Get All My Books, One Button Away With 40% Off

I have created a bundle for my books and roadmaps, so you can buy everything with just one button and for 40% less than the original price. The bundle features 8 eBooks, including:

Read full story

1. Line Plots

In this section, we will learn how to leverage basic plotting tools in Python and how to annotate and personalize your time series plots.

1.1. Create time-series line plots

First, we will upload the discoveries dataset and set the date as the index using .read_csv, and then the plot will use the .plot method as shown in the code below:

df = pd.read_csv('discoveries.csv', parse_dates=['date'], index_col='date')
df.plot(figsize=(10,10))
plt.show()

The great inventions and scientific discoveries from 1860 to 1959.

The default style for the matplotlib plot may not necessarily be your preferred style, but it is possible to change that. Because it would be time-consuming to customize each plot or to create your own template, several matplotlib style templates have been made available for use.

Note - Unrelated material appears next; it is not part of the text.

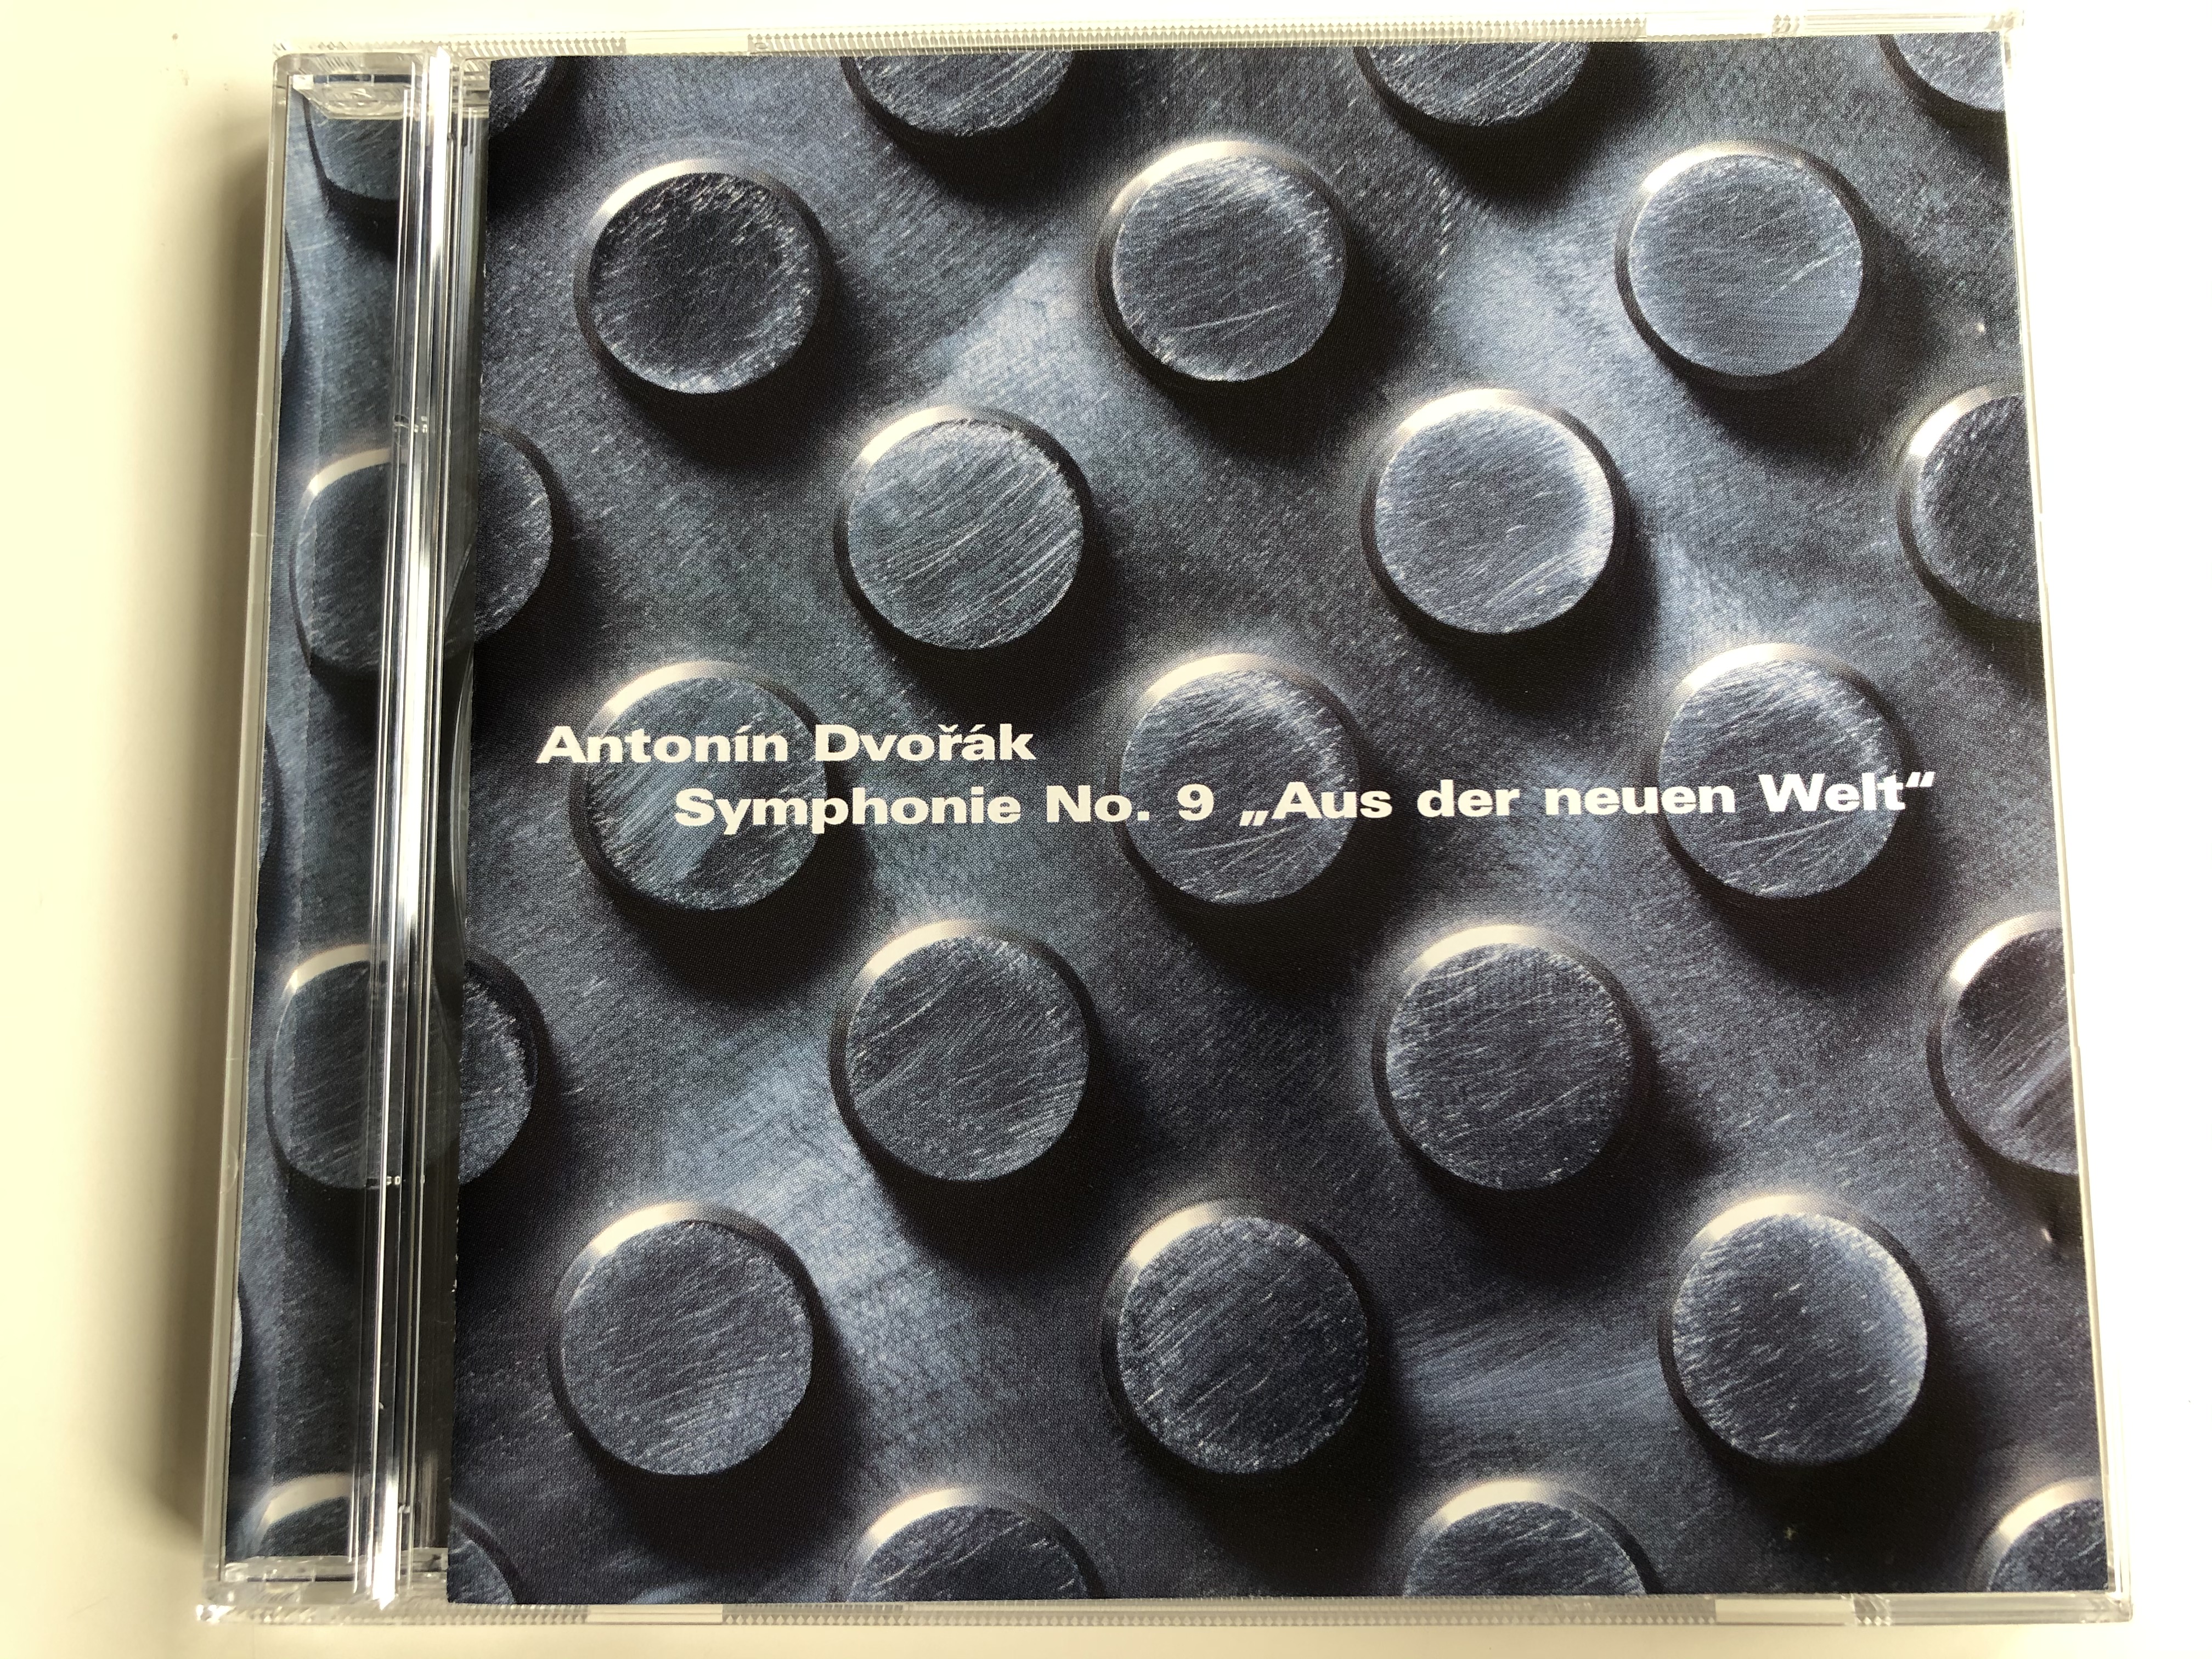 anton-n-dvo-k-symphonie-no.-9-aus-der-neuen-welt-arte-nova-classics-audio-cd-1995-74321-64189-2-1-.jpg

These can be invoked by using the plt.style command, and will automatically add pre-specified defaults for fonts, lines, points, background colors, etc, to your plots. In this case, we opted to use the famous fivethirtyeight style sheet. To set this style, you can use the code below:

plt.style.use('fivethirtyeight')
df.plot(figsize=(10,10))
plt.show()

The great inventions and scientific discoveries from 1860 to 1959 used the **FiveThirtyEight** style.

To see all of the available styles, use the following code:

print(plt.style.available)

The available style for **matplotlib** plots.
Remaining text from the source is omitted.